Or, rather why that is an unlikely event. Dreaming of revolutions might appear quite romantic for middle class Indians but when you dig deep, you’ll see that the situation is both better and worse than Egypt of 2011 or America of 1776.
The American War of Independence was driven mostly by economic factors and Britain enacting a host of draconian laws to augment His Majesty’s revenue not to mention to offset the losses suffered in misadventures against the French. All of which sound suspiciously familiar to an Indian … the British apparently learnt nothing and went on to repeat the same things in India in the early part of the 20th century.
The Egyptian Revolution of 2011 is too recent and the discontents that may have fuelled it are yet to be distilled by historians. The per capita GDP of Egypt however is way higher than India’s.
It would appear that people in different nations have different thresholds of tolerance towards what is broadly known as ‘poverty.’ Indians seem to have an extraordinary affinity with poverty. At least, Indians don’t like to rock the boat (so to say) too easily. The fabled Indian struggle for independence was hardly a pan-Indian affair. The British were apparently too tired after fighting Hitler and just wanted to go home when empire turned unprofitable and the going seemed tough.
Indians seem to have a strange set of priorities. They love their gods. They love to have kids. They love to have a large family — and I mean LARGE … numbering in the hundreds. There are festivities of one sort or the other every month or the other. Indians are too busy either worshipping their numerous gods, or attending a family marriage, or some other celebration because someone had a baby or because someone died …
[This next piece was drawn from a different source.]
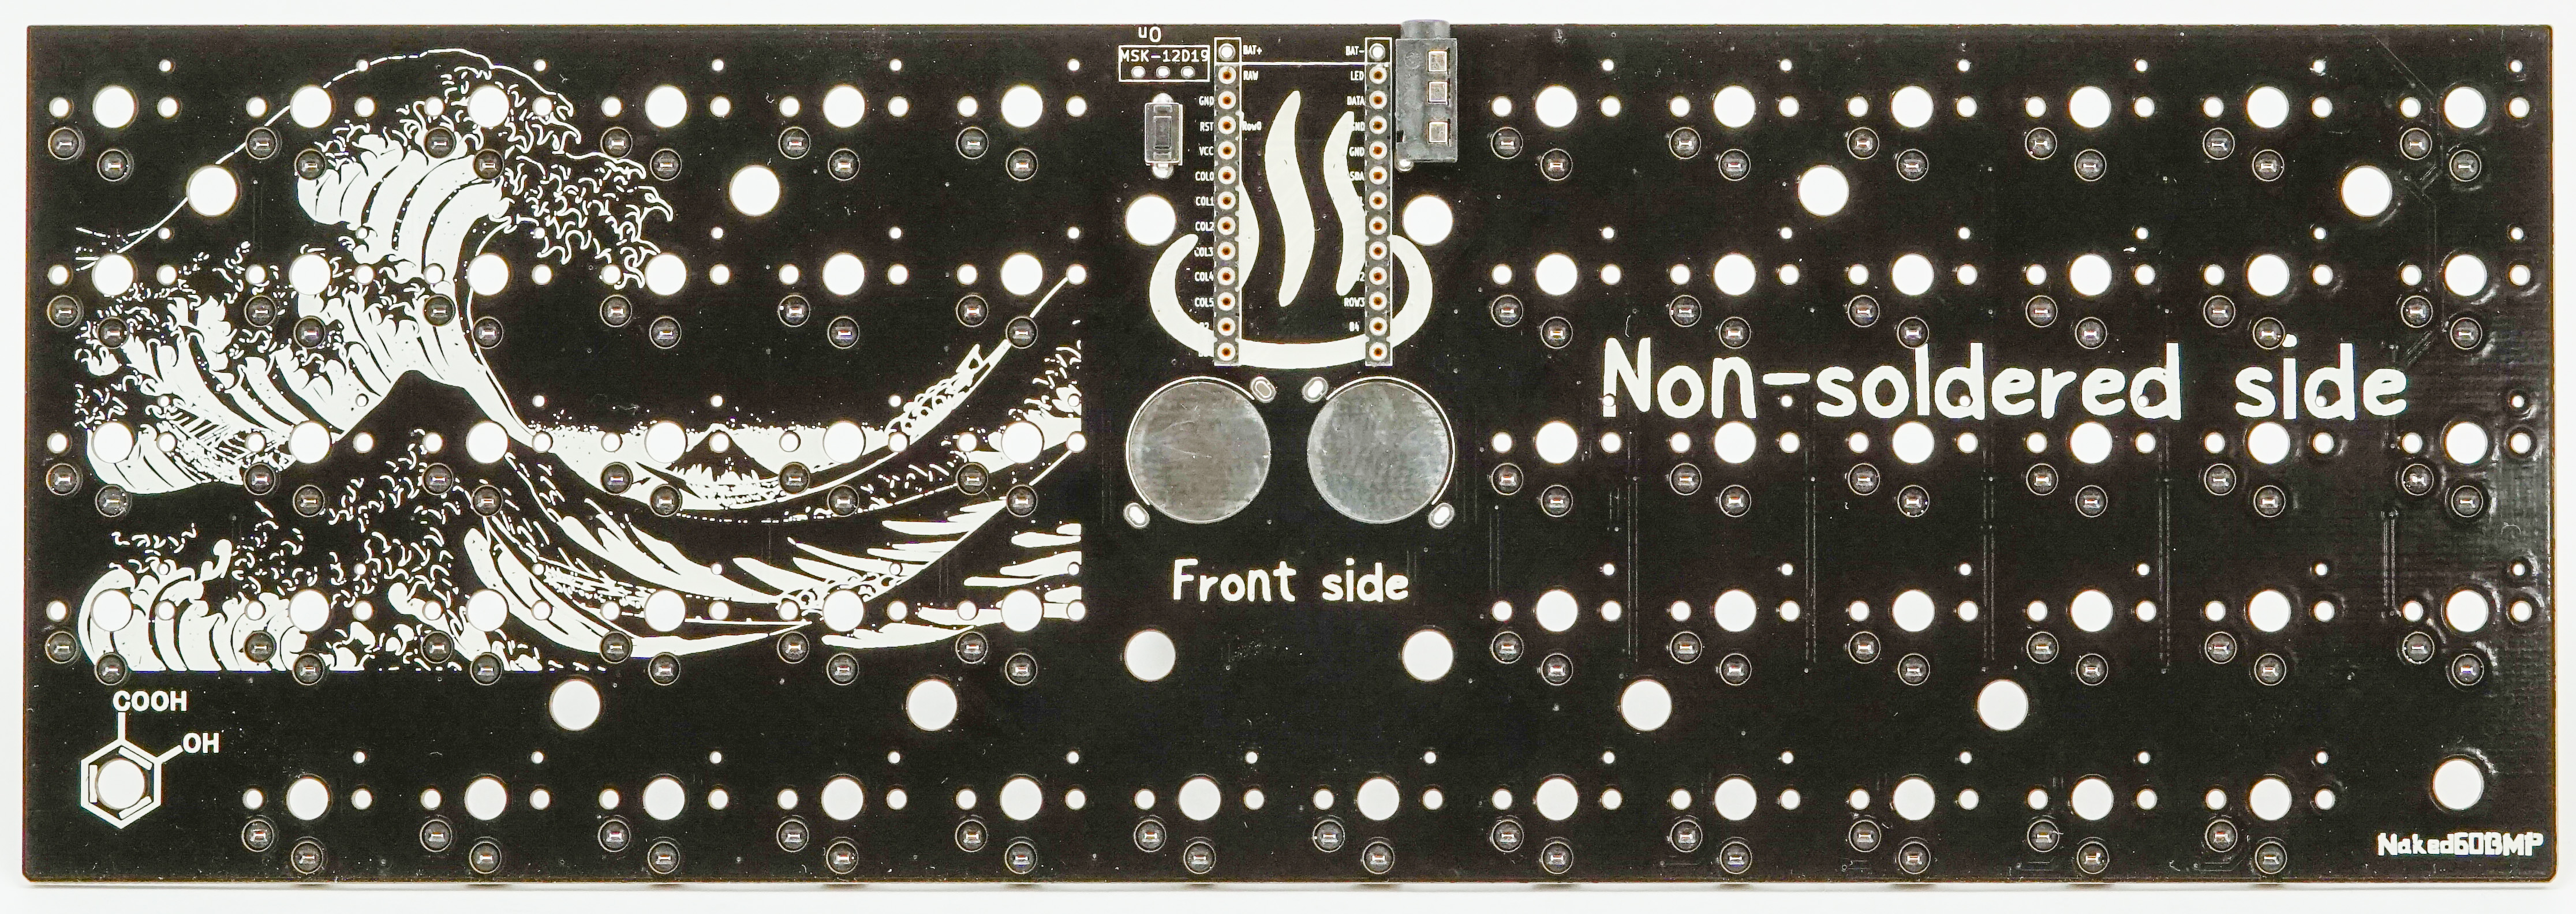 Naked60BMP PCB Front

Indians do not have time for intellectual diversions into the meaning of life or trying to understand the workings of nature.
Reflect on the typical way that an Indian kid grows up. What is the kid told? Perhaps she is told about the various gods not to mention their inexplicable and mercurial ways. And kids are told to ‘respect’ their parents. Yeah, Indian parents love to get RESPECT from their kids. And kids are told to respect not only the parents but all and sundry ‘elders’ in the family too. No questions asked.
So, that’s the way kids grow up. Schools and the education curriculum can be formulated in such a manner as to maximize the natural curiosity inherent in kids. But in India, everything is designed precisely to squelch and smother any such ‘ideas’ that kids may have.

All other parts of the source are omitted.